Thanks for your additions, Suyash!

Regarding build problems: when trying to build the current master-revision of ssl-proxy on Linux and/or Windows, via the docker-compose.build.yml, I run into the following issue:

Step 4/6 : RUN go get -u github.com/golang/dep/cmd/dep
 ---> Running in 23ea82d98a39
go: go.mod file not found in current directory or any parent directory.
        'go get' is no longer supported outside a module.
        To build and install a command, use 'go install' with a version,
        like 'go install example.com/cmd@latest'
        For more information, see https://golang.org/doc/go-get-install-deprecation
        or run 'go help get' or 'go help install'.

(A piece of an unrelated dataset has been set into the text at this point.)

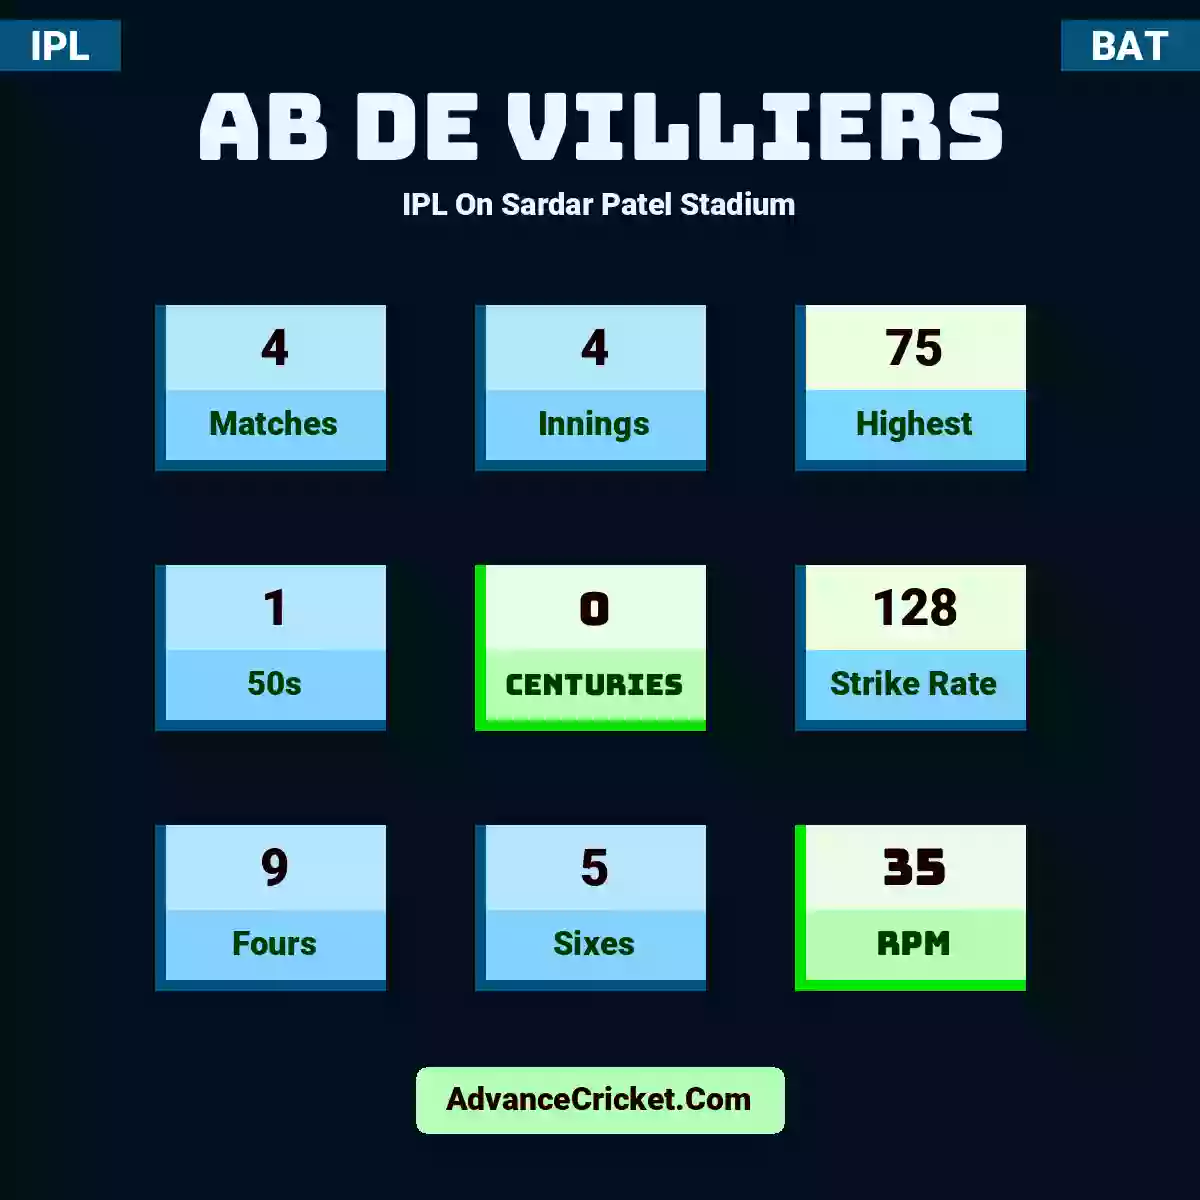 AB de Villiers IPL  On Sardar Patel Stadium, AB de Villiers played 4 matches, scored 75 runs as highest, 1 half-centuries, and 0 centuries, with a strike rate of 128. A.Villiers hit 9 fours and 5 sixes, with an RPM of 35.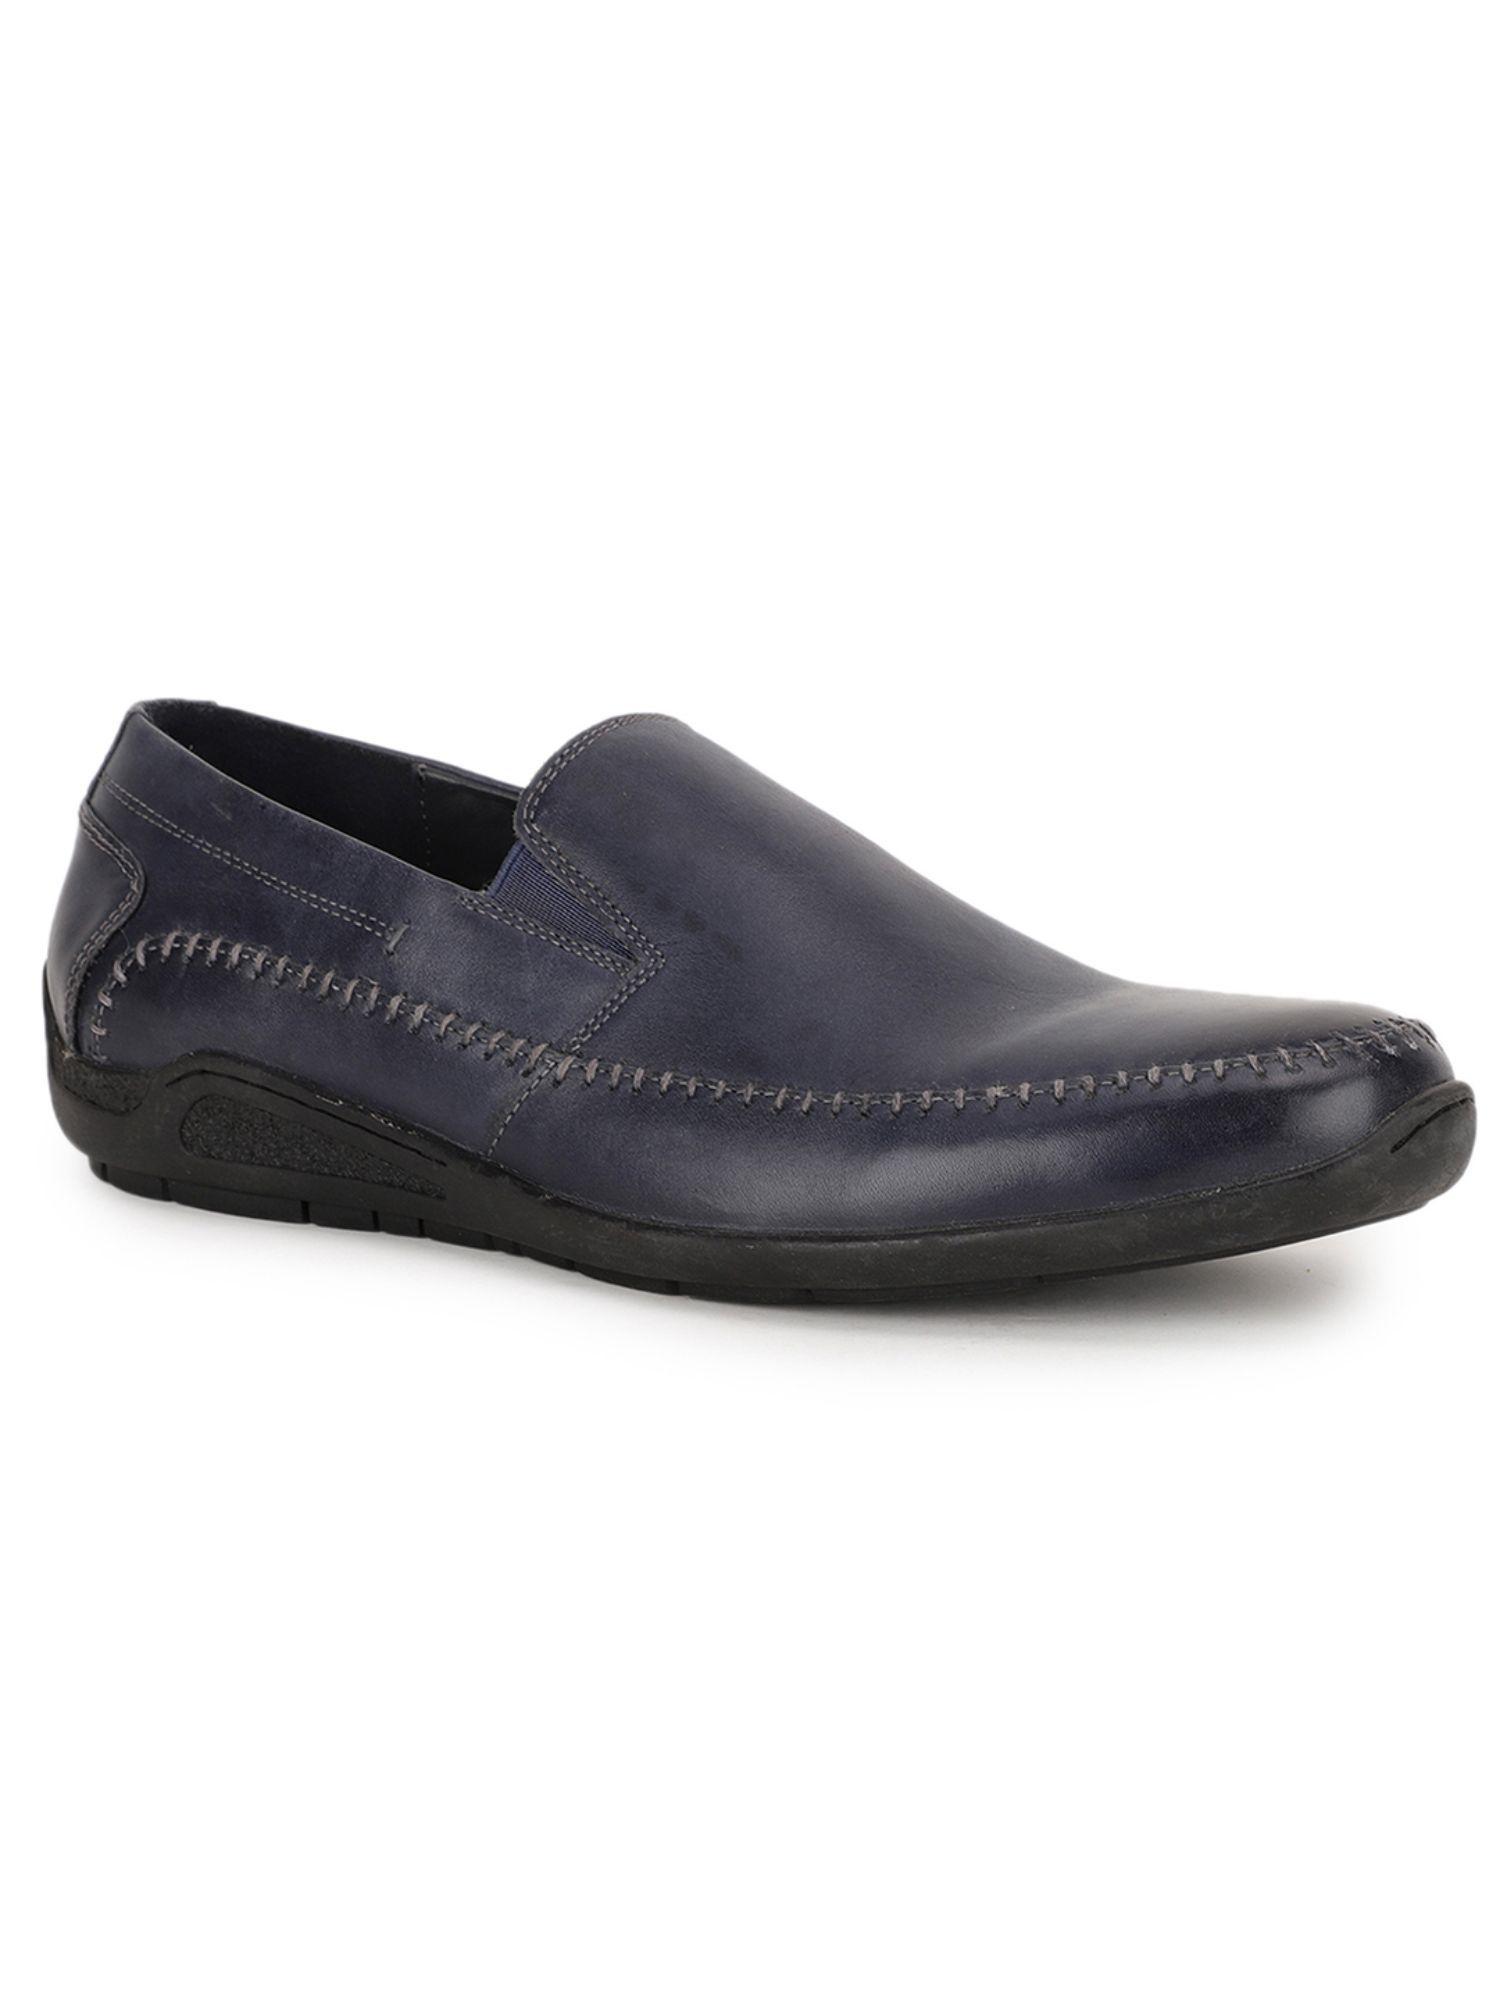 mens navy blue slip on formal loafers

This currently breaks the build for me.

(A bit more detail: I use the following versions of Docker and docker-compose:

  • On Linux:
    • Docker version 20.10.6, build 370c289
    • docker-compose version 1.29.2, build 5becea4c
  • On Windows:
    • Docker version 20.10.16, build aa7e414
    • docker-compose version v2.5.1
    • both are part of the current Rancher Desktop Version 1.4.1, using dockerd/moby as the container runtime)

As soon as I'm able to build ssl-proxy on go 1.18 I'm eager to explore and test (on different servers) whether cipher order is still an issue or whether I'll have to restrict the cipher suites (my aim is not to, of course).